Running the Simulator:
----------------------
       The sim_mgr is the driver of the simulation.  It maintains the concept of simulated time and other
pertinent values in shared memory.  It also, by default, will launch the slurmctld and slurmd's.

        sim_mgr [endtime] [OPTIONS]
                Valid OPTIONS are:
              -c, --compath cpath      'cpath' is the path to the slurmctld and slurmd
                                       (applicable only if launching daemons).  
                                       Specification of this option supersedes any 
                                       setting of SIM_DAEMONS_PATH.  If neither is 
                                       specified then the sim_mgr looks in a sibling 
                                       directory of where it resides called sbin.
                                       Finally, if still not found then the default
                                       is /sbin.
              -n, --nofork             Do NOT fork the controller and daemons.  The
                                       user will be responsible for starting them
                                       separately.
              -a, --accelerator secs   'secs' is the interval, in simulated seconds, 
                                       to increment the simulated time after each 
                                       cycle instead of merely one.
              -w, --wrkldfile filename 'filename' is the name of the trace file 
                                       containing the information of the jobs to 
                                       simulate.
              -s, --nodenames nodeexpr 'nodeexpr' is an expression representing all 
                                       of the slurmd names to use when launching the 
                                       daemons--should correspond exactly with what 
                                       is defined in the slurm.conf.
              -h, --help               This help message.
        Notes:
              'endtime' is specified as seconds since Unix epoch.
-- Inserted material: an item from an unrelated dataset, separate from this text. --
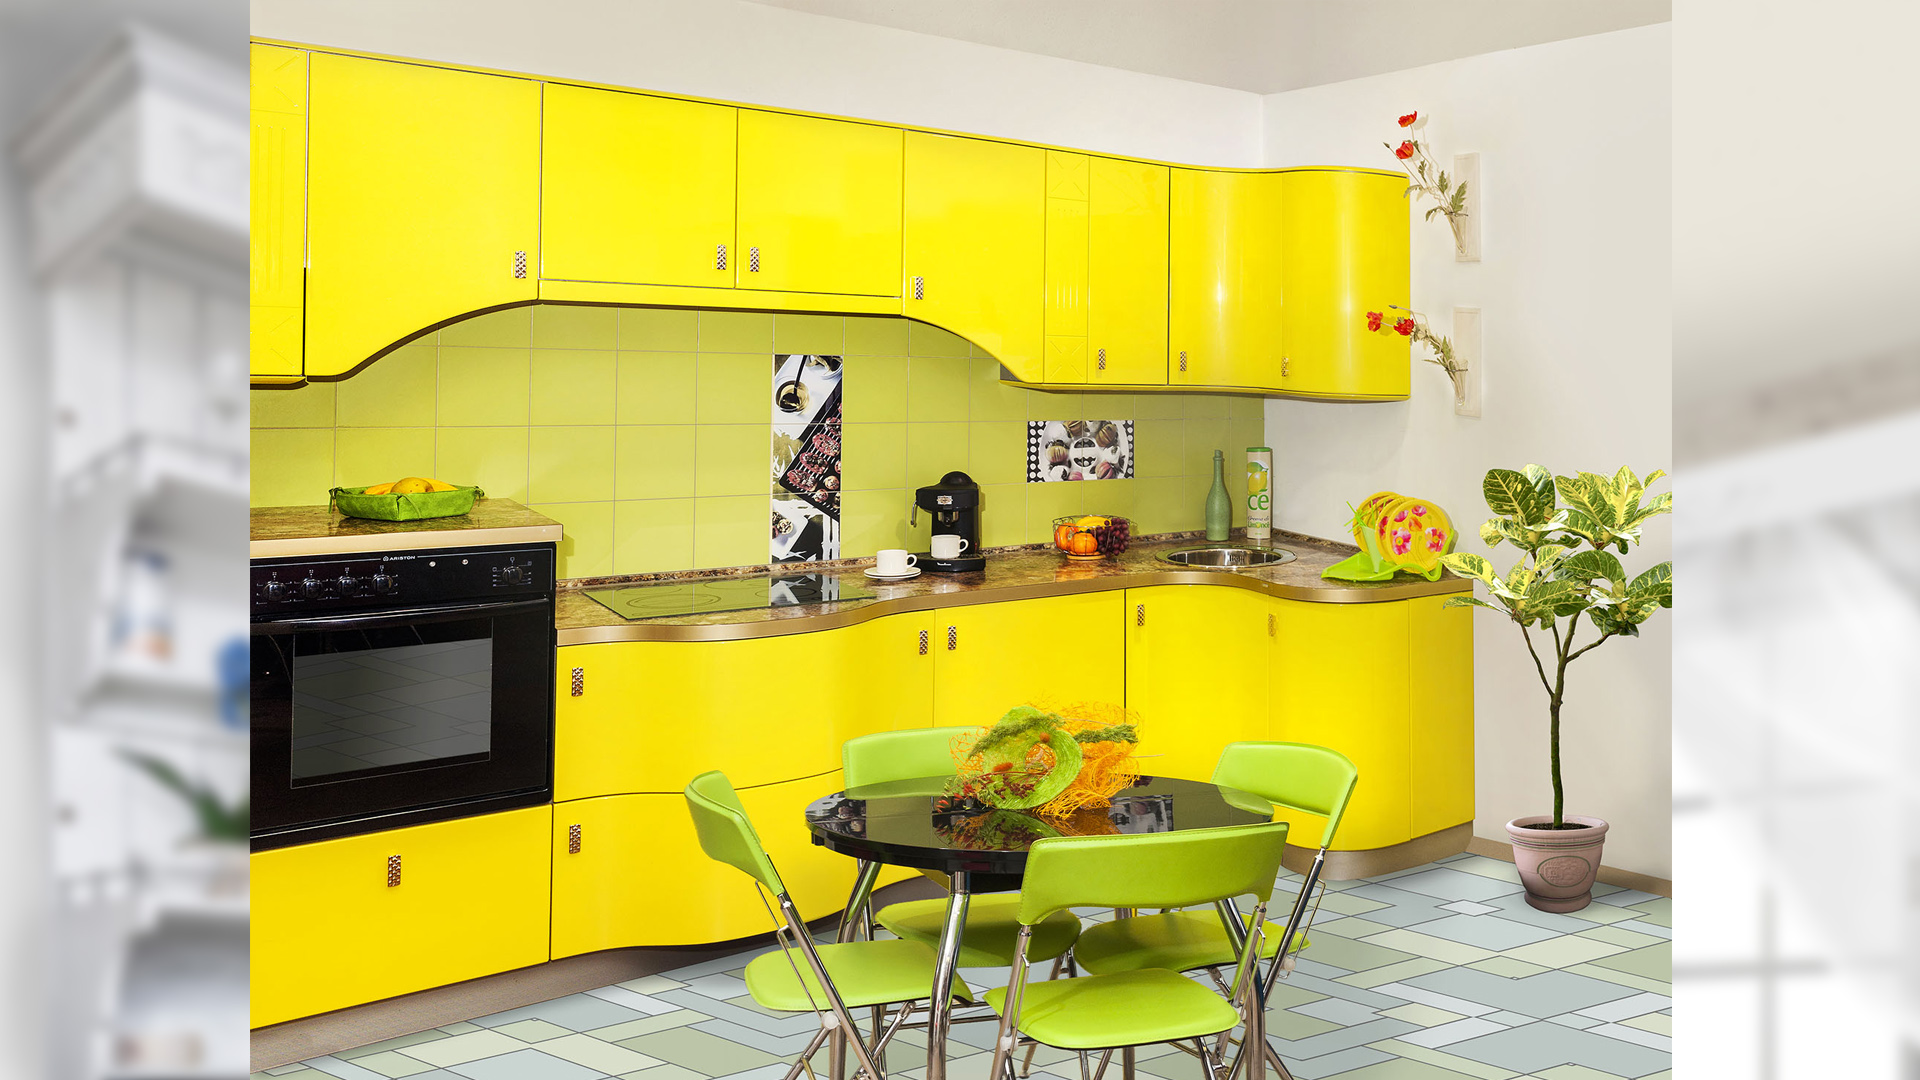 Желтая кухня в интерьере: фото с примерами кухни в желтом цвете и сочетания цветов в дизайне

If 0 is specified 
              then the simulator will run indefinitely.
        
              The debug level can be increased by sending the SIGUSR1 signal to 
              the sim_mgr.
                         $ kill -SIGUSR1 `pidof sim_mgr`
              The debug level will be incremented by one with each signal sent, 
              wrapping back to zero after eight.

Example 1:
        To run a simulation with the default trace file name (test.trace) where the Slurm configuration simply specifies
        a single slurmd:
                $ sim_mgr

Example 2:
        To run a simulation with a trace file in some directory called /home/someuser/workload.trace where the Slurm
        configuration simply specifies a single slurmd:
                $ sim_mgr -w /home/someuser/workload.trace

Example 3:
        To launch the simulation with a trace file called "workload.trace" and with a Slurm configuration that specifies
        five front-ends named "node1,""node2,""node3,""node4" and "node5;" one possible command line would be:
                $ sim_mgr -w workload.trace -s node[1-5]

Example 4:
        To run the same job as above but with a speed-up factor of 100:
                $ sim_mgr -w workload.trace -s node[1-5] -a 100


Monitoring Status of a Running Simulation:
------------------------------------------
        Being that as part of the simulation, an instance of Slurm is running (slurmctld), the normal Slurm commands such
as "squeue" and "scontrol" can be used to see the status of the queue and the jobs that are in it.  Additionally, the
Simulator-specific command "simdate" is provided as a means to view the date/time stamp of the simulation.  The original
intention of this command was to be the Simulator's equivalent of the "date" command so that, at any given moment, the user
would know at what "time" the simulator is currently at.  However, the command has evolved to also include the ability
to view all the fields of the special shared memory segment and to even allow the altering of a few of them.

        simdate [OPTIONS]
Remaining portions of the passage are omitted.